You might find that two sticks are not identical (for example, 8 GB from one brand and 8 GB from another). That is useful to know before you add or replace modules.
💡For a deeper look at how DDR4 and DDR5 differ in bandwidth, latency, and platform support, see our dedicated DDR4 vs DDR5 guide. It walks through real-world examples so you can decide whether a newer memory generation is worth it for your next upgrade.
If you prefer a dashboard-style view instead of tabs, tools like Speccy can show similar RAM information in a single summary window. The core data points are the same: DDR type, total capacity, speed, and part number.
Check RAM info from BIOS/UEFI when Windows won’t boot
If Windows will not start, or you are working on a fresh build that doesn’t have an OS yet, your motherboard firmware still lists basic memory details.
Typical steps:
- Turn on the PC and repeatedly tap the firmware key (often Del, F2, F10, or Esc depending on the brand).
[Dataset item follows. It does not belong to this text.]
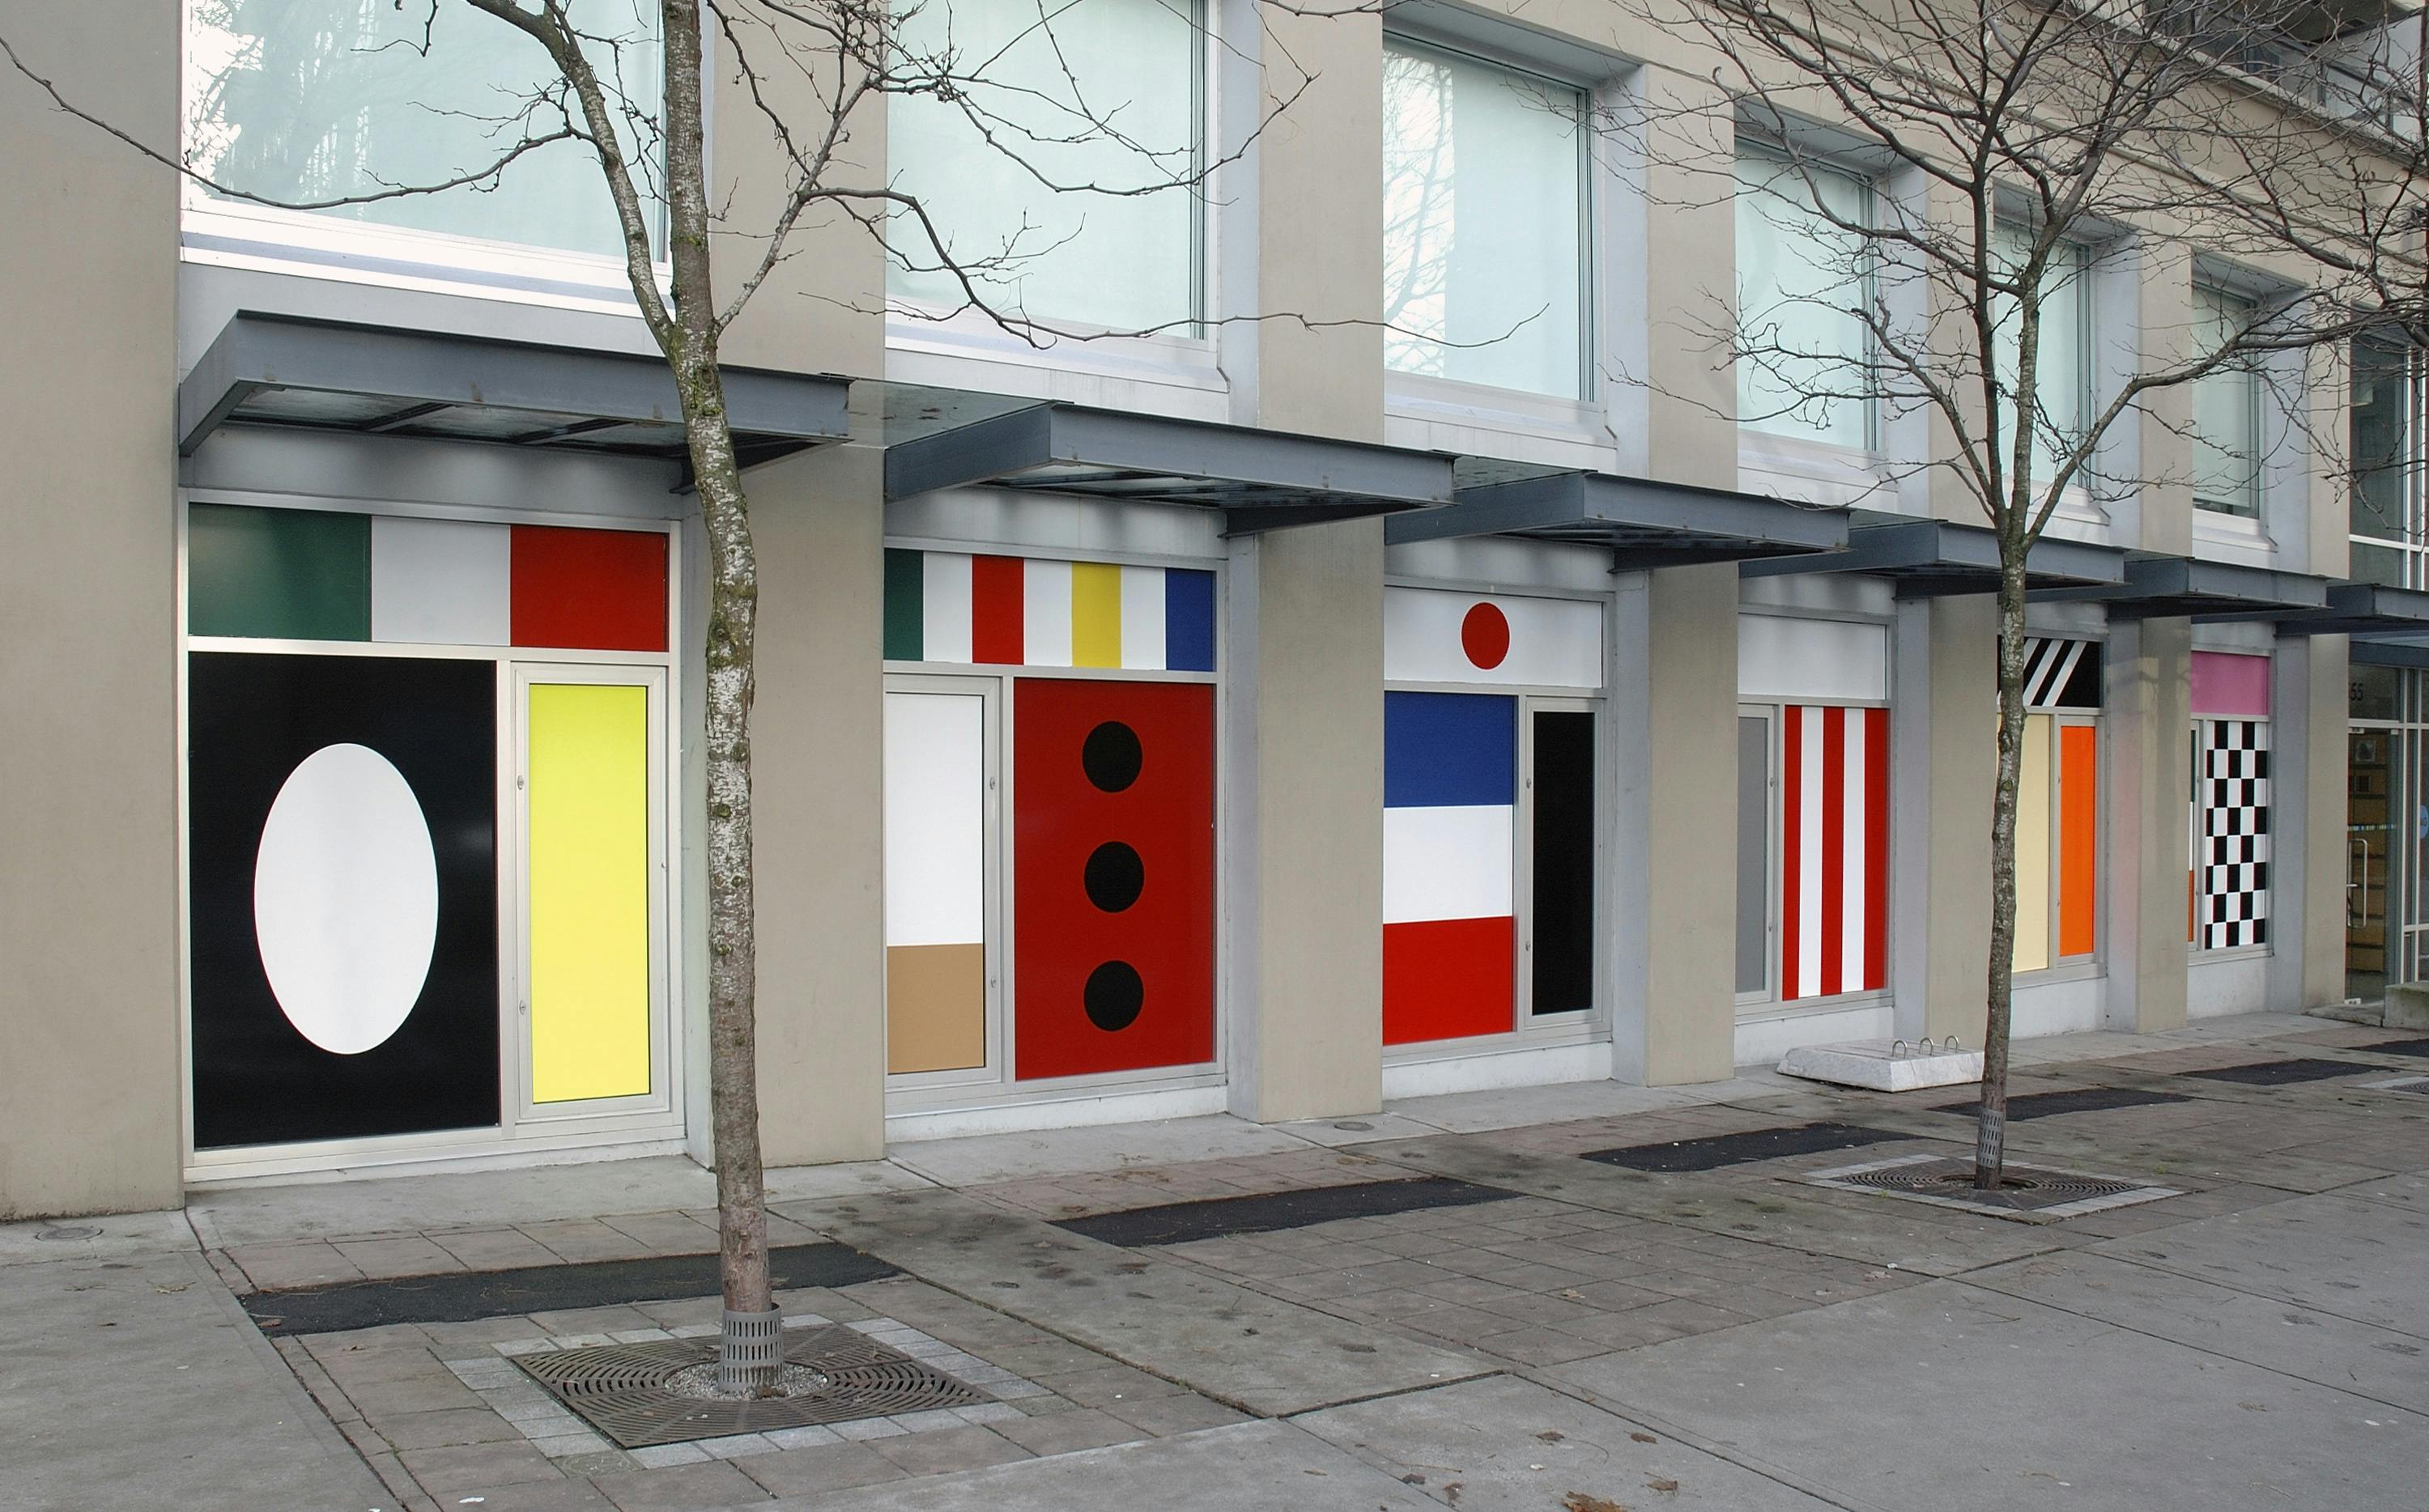 Install image of the first floor windows of CAG facing Nelson Street. Vinyl sheets of many patterns in various bold colours cover the windows.
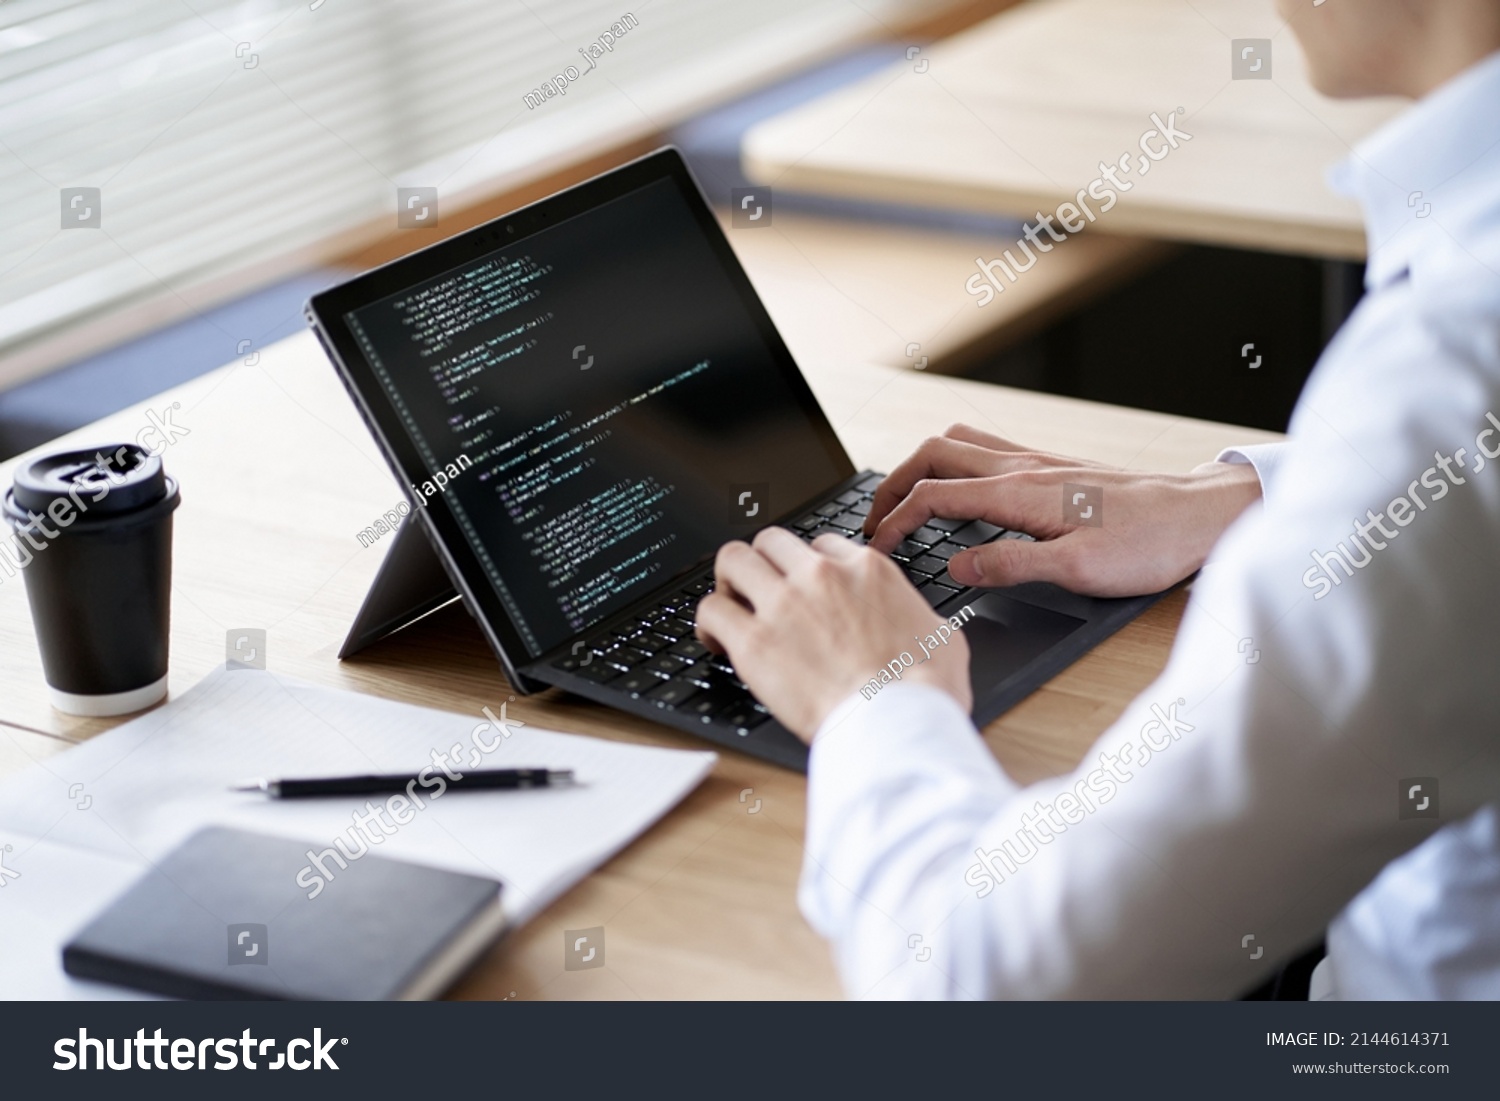 Asian programmer writing code on a laptop #2144614371

- Once in BIOS/UEFI, look for a page called Main, Information, or something similar.
On that screen you usually see:
- Total memory detected
- Memory speed or DRAM frequency
- Sometimes per-slot capacity and which slots are populated
Some advanced firmwares have an Overclocking, Tweaker, or DRAM page that shows even more detail, such as XMP profiles and detailed timing. You do not need to change anything there just to identify your RAM; it’s enough to read what is already listed.
Identify your RAM by looking at the modules
If software tools are not available or you want to confirm with your own eyes, you can look at the modules themselves. Take a bit of care here.
Desktop PCs
- Shut down the PC and switch the power supply off. Unplug the power cable.
- Press the power button once with the cable unplugged to discharge remaining power.
- Remove the side panel to access the motherboard.
- Find the RAM slots, usually next to the CPU socket.
On each module, there is usually a sticker with:
- A DDR mark such as “DDR4” or “DDR5”
- Capacity like “8 GB” or “16 GB”
- Speed such as “3200” or “5600”
- A Part Number – a code like “CMK16GX4M2B3200C16”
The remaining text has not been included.